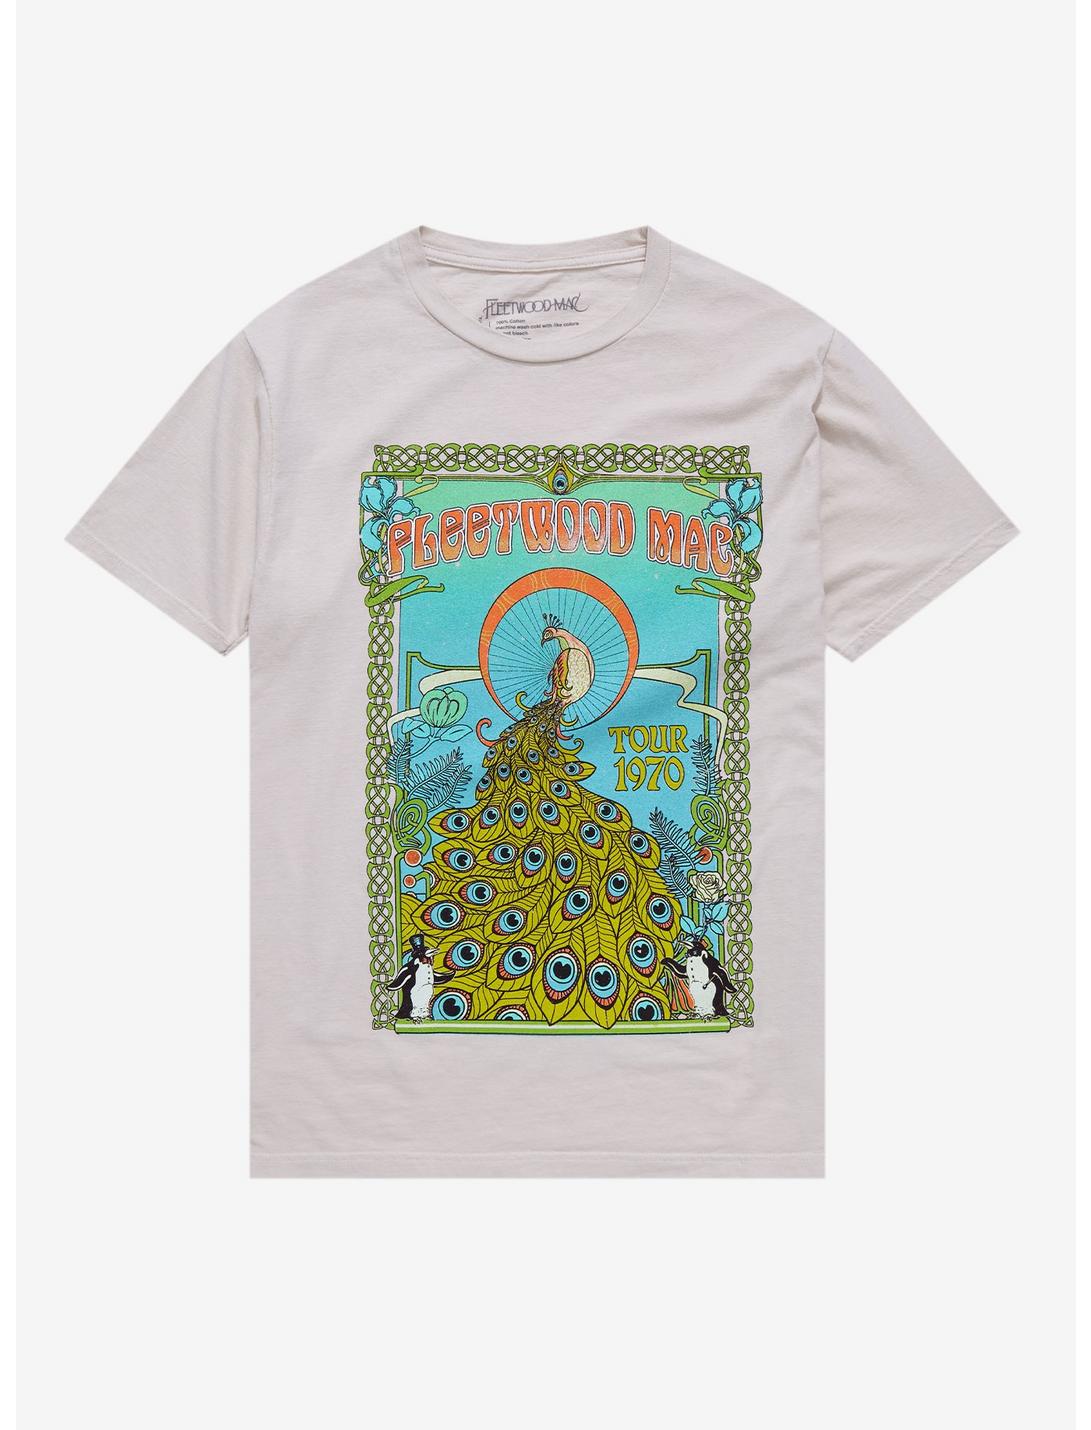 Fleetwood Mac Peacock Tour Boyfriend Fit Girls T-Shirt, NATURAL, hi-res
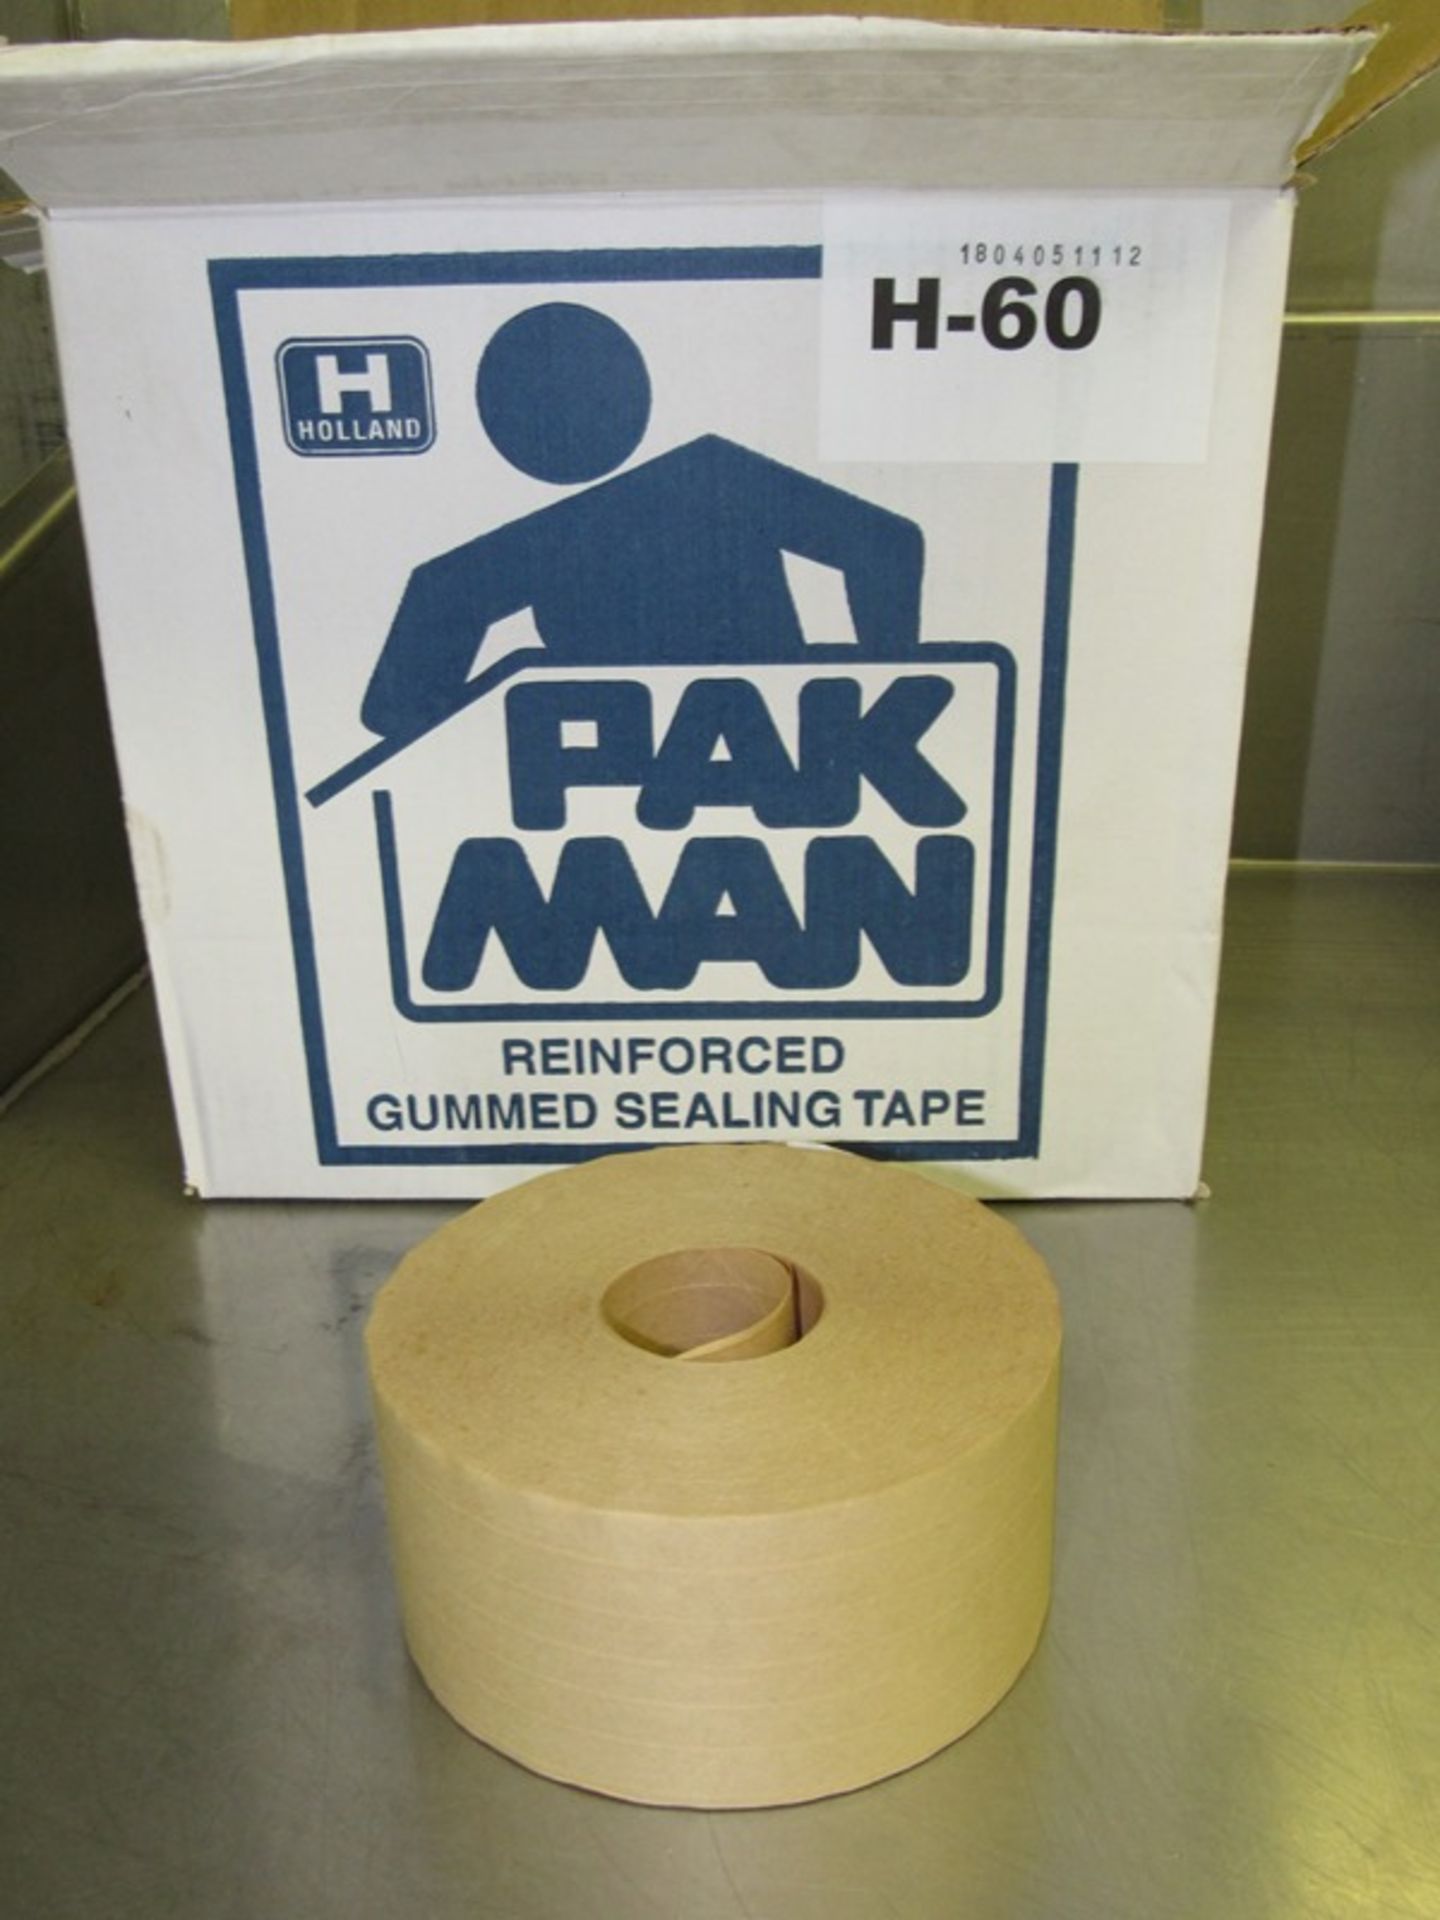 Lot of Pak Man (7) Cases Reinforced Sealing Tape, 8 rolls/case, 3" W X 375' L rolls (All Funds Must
==
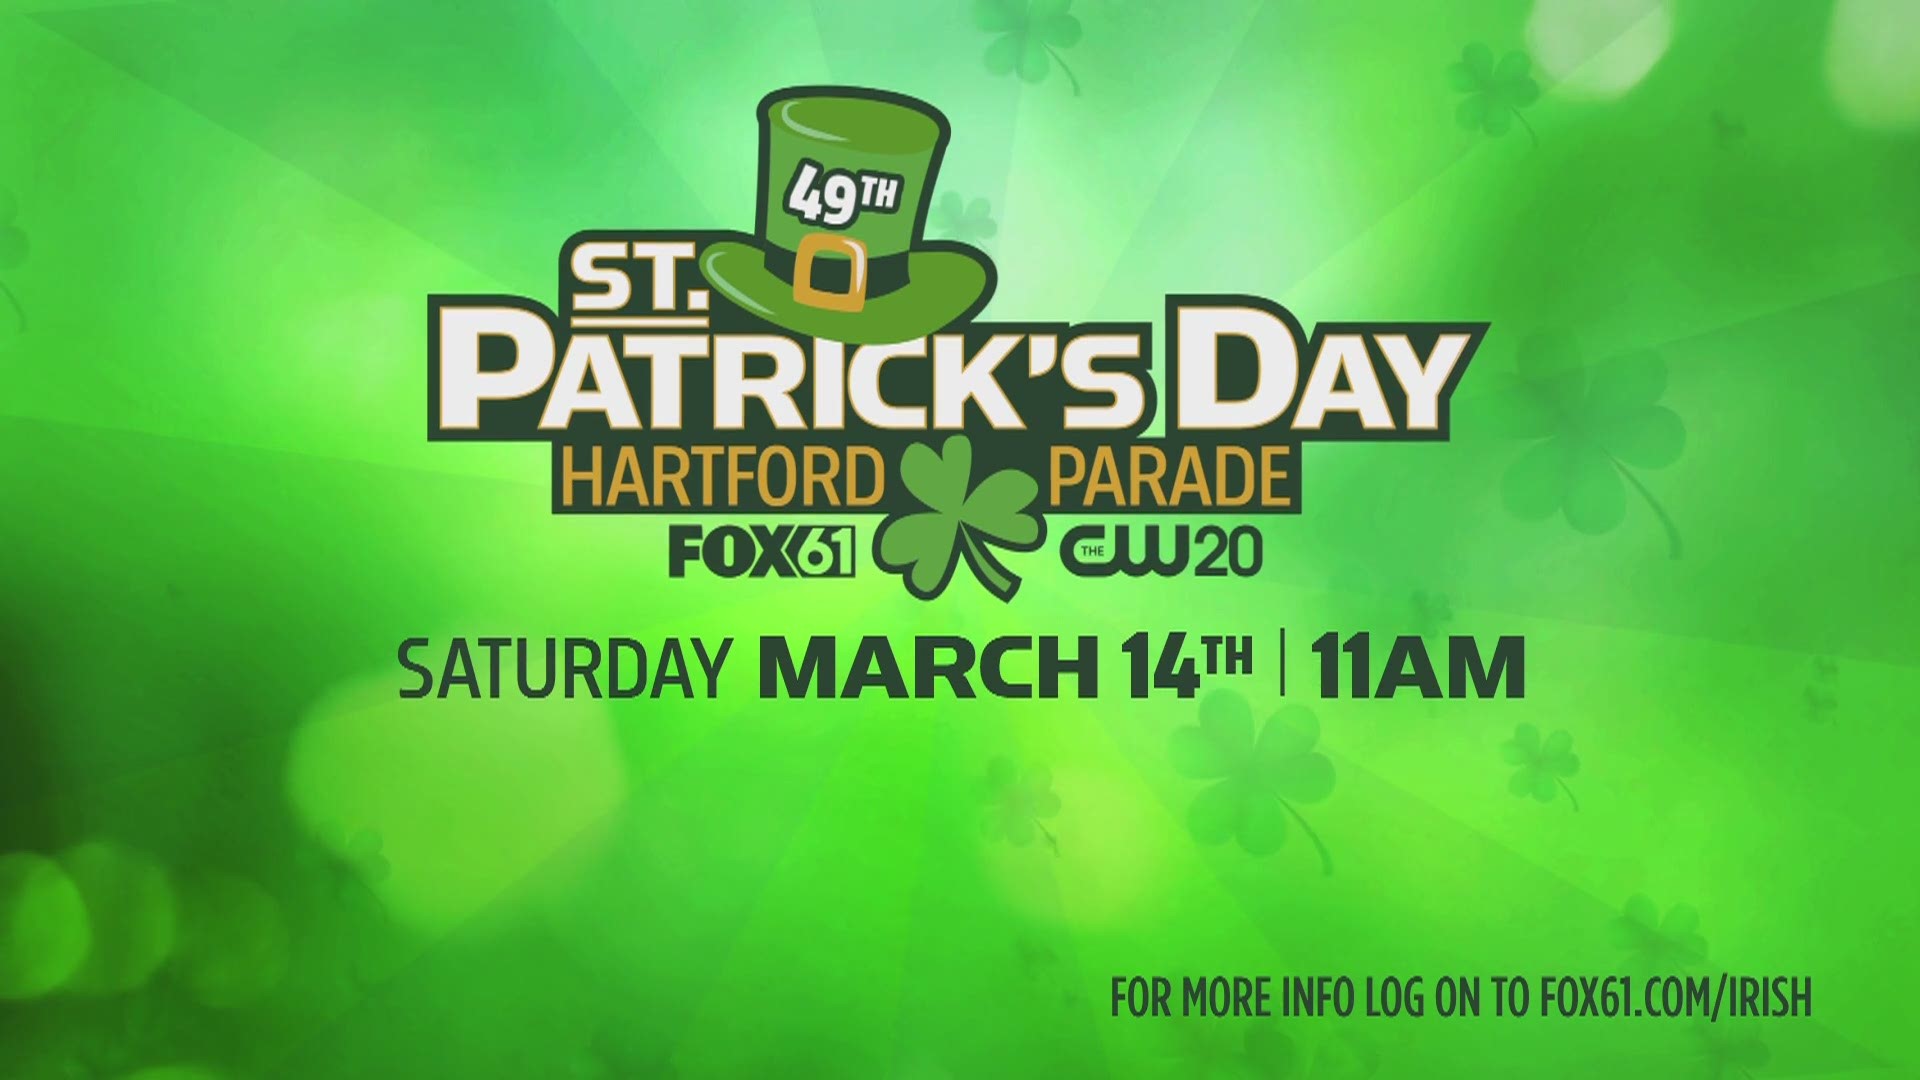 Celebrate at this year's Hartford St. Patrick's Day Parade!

- **WHAT YOU NEED TO DO**
Using the data above, print only the lines starting at the one with "Fleetwood Mac Peacock" and ending at the one with "Lot of Pak Man", exactly as they stand, minus the pictures.

- **ANSWER BELOW**
 Fleetwood Mac Peacock Tour Boyfriend Fit Girls T-Shirt, NATURAL, hi-res
 Lot of Pak Man (7) Cases Reinforced Sealing Tape, 8 rolls/case, 3" W X 375' L rolls (All Funds Must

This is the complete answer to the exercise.